Many new Exalted players are unfamiliar with the epic scale of this game and choose Motivations that are somewhat less grand. Killing the Dragon-Blooded satrap of a Threshold kingdom or protecting a single town from all harm are typical examples of such Motivations. As the player learns what her character can do, and as her character gains experience points, she is likely to realize that she thought too small. At this point, she has two options, she can either choose another Motivation or she can expand on this Motivation. Protecting a town from harm can easily grow to become a desire to become the protector of an entire nation or even an entire quarter of the Threshold, and slaying a single satrap can grow to become the desire to free all of the Northern coastal states from the Realm's control. A player may expand (but not change) her character's Motivation without spending experience points if the Motivation proves to be insufficiently epic. However, each expansion after the first costs two experience points, just like any other change in Motivation.Motivation is a short description of your character's primary goal. It's what drives your character to go out and be a hero, and it is part of the reason the Unconquered Sun chose her for Exaltation. Most mortals have relatively mundane and unexceptional Motivations such as "become wealthy," "marry someone nice and have a happy family," or "live a quiet life on a tropical island." Celestial Exalted are Chosen specifically because they have the seeds of greatness within them. The Chosen of the Sun (and all other Celestial Exalted) cannot have mundane or pedestrian Motivations—by their very nature, Celestial Exalted are epic heroes, and their goals must be similarly epic. Everyone who is Exalted deserves it. Your character might not have been wealthy, powerful or famous, but everyone who is Exalted already had a soul large enough to accept a fragment of divine power.

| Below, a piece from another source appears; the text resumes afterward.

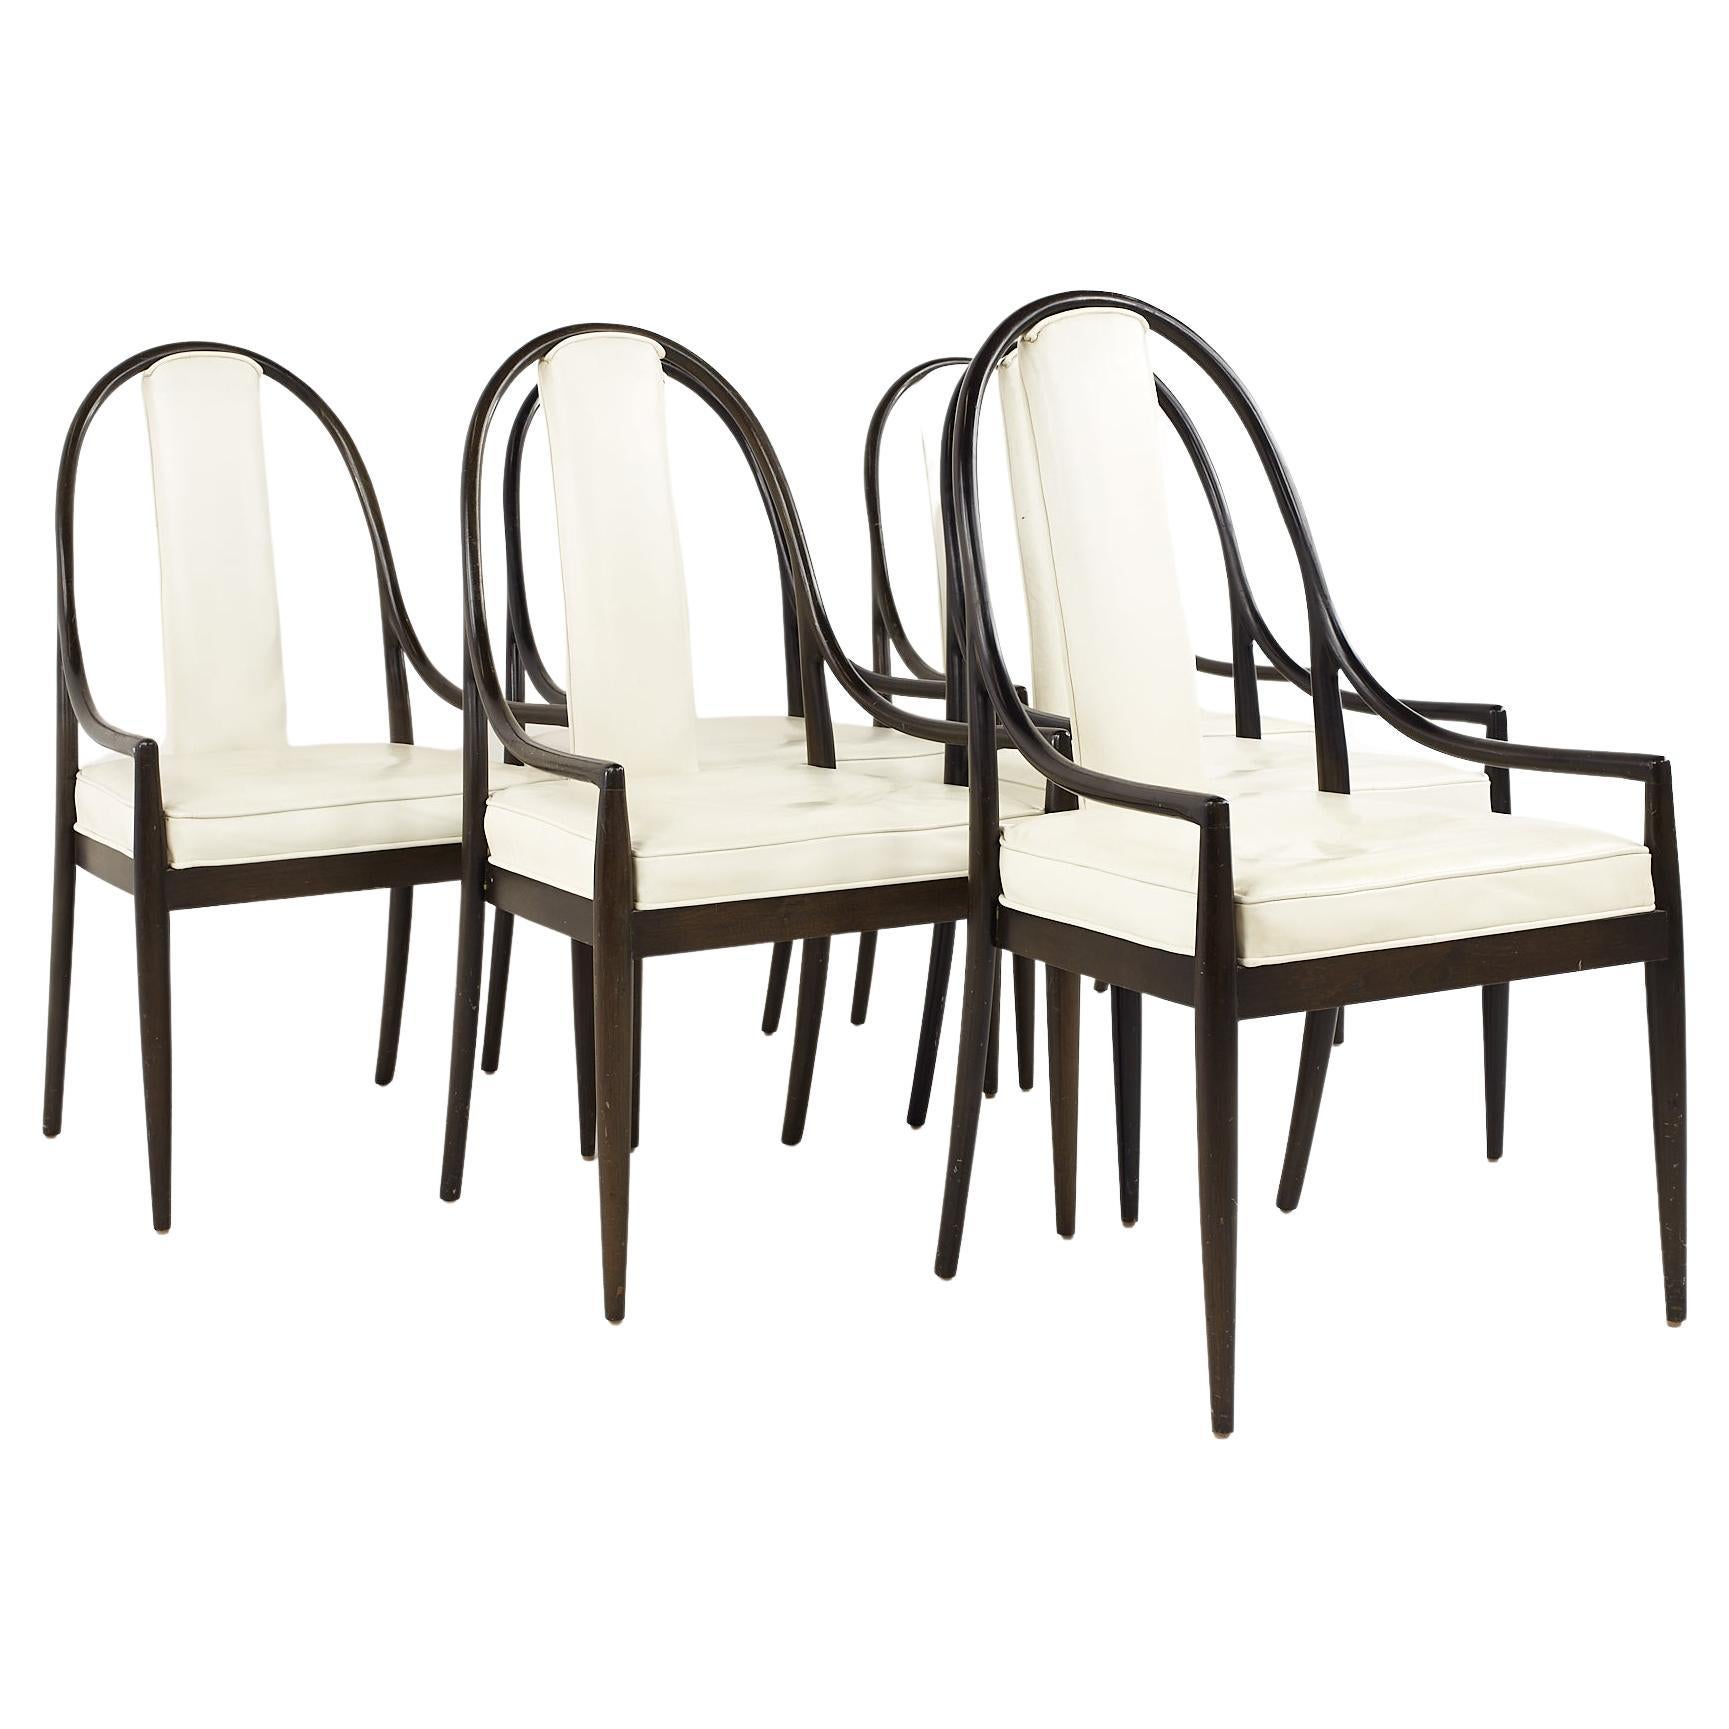 Gerry Zanck for Gregori Mid-Century Ebonized Walnut Dining Chairs, Set of 6

Possible epic Motivations for one of the Chosen of the Sun include: "restore the Solar Deliberative," "destroy the Realm and slay all of the Dynasts," "make a lasting peace between the Fair Folk and inhabitants of Creation," "become the leader of the Guild and transform it into a tool of the Solar Exalted," "redeem the soul of one of the Abyssal Exalted," "become widely acclaimed as the best thief, musician, assassin or diplomat in all of Creation," "kill a specific powerful deity," "end slavery in Creation," or "protect the inhabitants of my nation from harm." Many other Motivations are possible, and in most series, every character will have a different Motivation. However, every character's Motivation must be large and must be something that will take many sessions of roleplaying to accomplish. Not only is a goal like killing the mortal mayor of a small town insufficiently epic, it is also far too easy for one of the Chosen of the Sun to accomplish.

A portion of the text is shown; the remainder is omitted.